Building ufuncs using @vectorize
--------------------------------

An alternative syntax is available through the use of the `vectorize` decorator::

    from numba import float32, float64
    from numba.vectorize import vectorize
    import math

    pi = math.pi

    @vectorize([float32(float32), float64(float64)], target='cpu')
    def sinc(x):
        if x == 0.0:
            return 1.0
        else:
            return math.sin(x*pi)/(pi*x)

The `vectorize` decorator takes a list of function signature and an optional `target` keyword argument (default to 'cpu').  The example above generate a `sinc` ufunc that is overloaded to accept float and double.  This syntax replaces calls to `Vectorize.add` and `Vectorize.build_ufunc`.


Generalized Ufuncs
==================

The ``numba.vectorize`` module also provides support for generalized ufuncs.
Traditional ufuncs perfom element-wise operations, whereas generalized ufuncs operate on entire
sub-arrays. Unlike other Numba Vectorize classes, the GUVectorize constructor takes
an additional signature which specifies the shapes of the inner arrays we want to operate on.

Imports
-------

::

    from numba import float32, float64, int32
    from numba.vectorize import GUVectorize
    import numpy as np

Generalized ufunc Definition
----------------------------

GUVectorize ufunc arguments are vectors of a NumPy array.  Function definitions can be arbitrary
expressions.

::

    def matmulcore(A, B, C):
        m, n = A.shape
        n, p = B.shape
        for i in range(m):
            for j in range(p):
                C[i, j] = 0
                for k in range(n):
                    C[i, j] += A[i, k] * B[k, j]

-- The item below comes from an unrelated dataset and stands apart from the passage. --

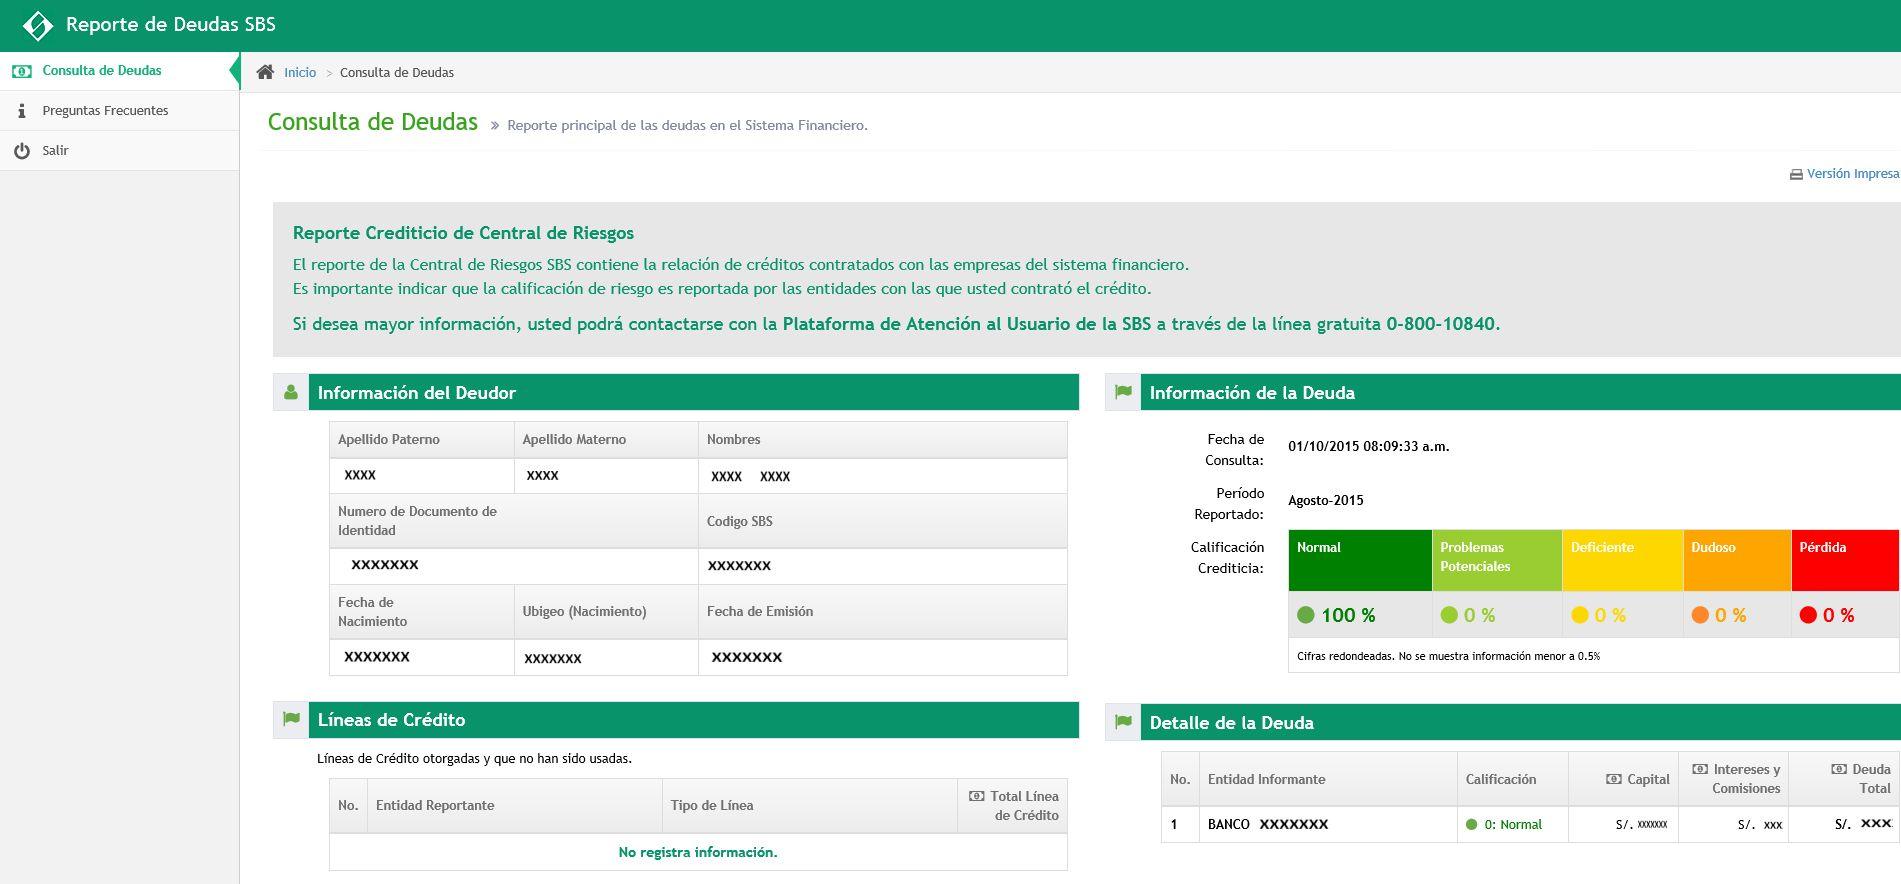 Conoce si registras alguna deuda en el sistema financiero con este app web

Compilation requires type information. Numba assumes no knowledge of type when building native
ufuncs. We must therefore define argument and return dtypes for the defined ufunc. We can add
as many dtypes as we need, which do not need to be uniform, i.e. we can specify a gufunc
taking an array of ints and an array of doubles while producing an array of complex numbers.
The ``gufunc`` will dispatch to the right implementation depending on the argument types.

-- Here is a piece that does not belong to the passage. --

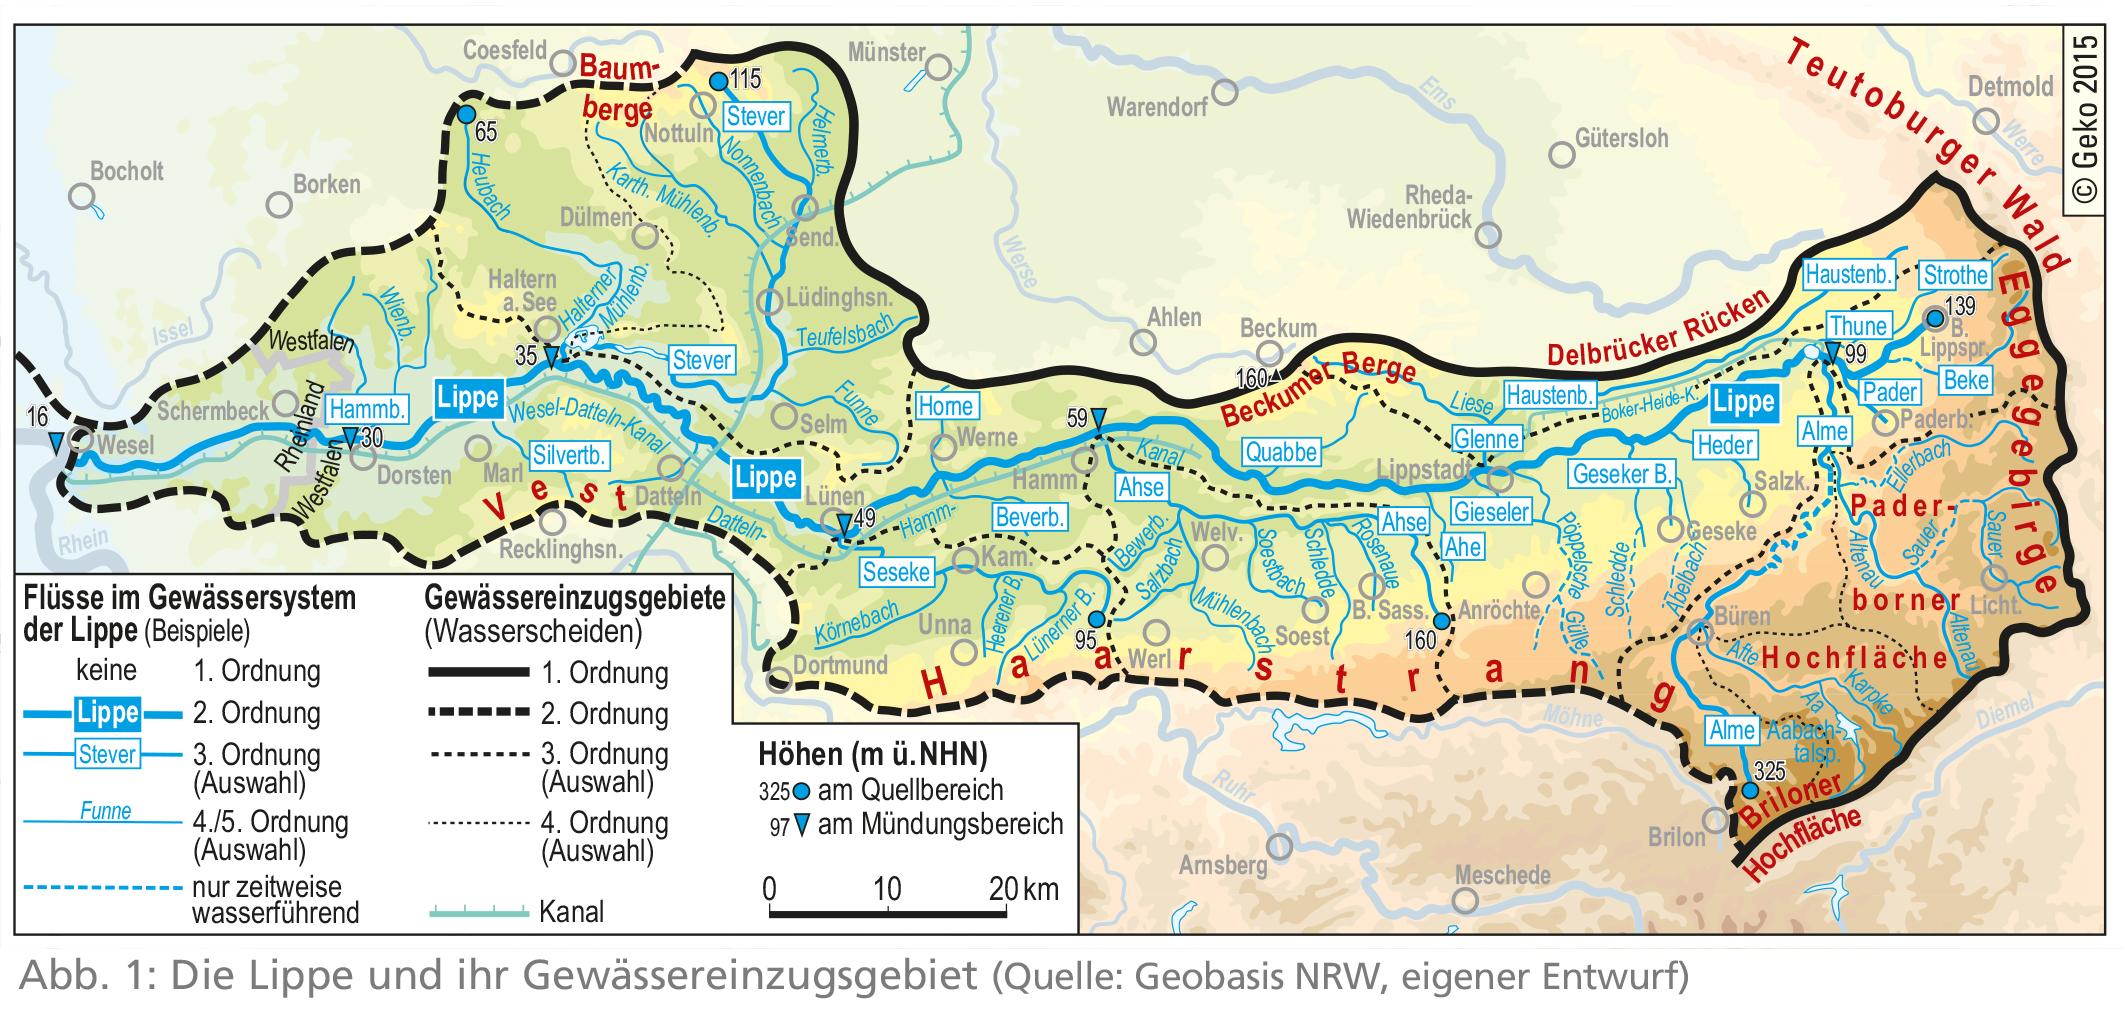 lippe fluss karte LWL   Die Lippe und ihr Gewässereinzugsgebiet   Westfalen Regional lippe fluss karte

We can define our gufunc as follows:

::

    gufunc = GUVectorize(matmulcore, '(m,n),(n,p)->(m,p)')
    gufunc.add(argtypes=[float32[:,:], float32[:,:], float32[:,:]])
    gufunc.add(argtypes=[float64[:,:], float64[:,:], float64[:,:]])
    gufunc.add(argtypes=[int32[:,:], int32[:,:], int32[:,:]])

Above we are using a float **float32**, a double **float64**, and a signed **32-bit int**.  The
GUVectorize calls `PyDynUFunc_FromFuncAndDataAndSignature
<http://scipy-lectures.github.com/advanced/advanced_numpy/index.html#generalized-ufuncs>`_ which
requires a the signature: *(m,n),(n,p)->(m,p)* in the constructor.  This signature defines the *"core
dimensions"* of the generalized ufunc.

We can compile the ufunc as follows:

::

    gufunc = gufunc.build_ufunc()

We can now use the gufunc with two NumPy matrices:

::

    matrix_ct = 10
    A = np.arange(matrix_ct * 2 * 4, dtype=np.float32).reshape(matrix_ct, 2, 4)
    B = np.arange(matrix_ct * 4 * 5, dtype=np.float32).reshape(matrix_ct, 4, 5)
    C = gufunc(A, B)


Notice that we don't have a third argument in the gufunc call but the generalized ufunc definition
above has three arguments. The last argument of the generalized ufunc is the output, which is
automatically allocated with the shape specified in the signature.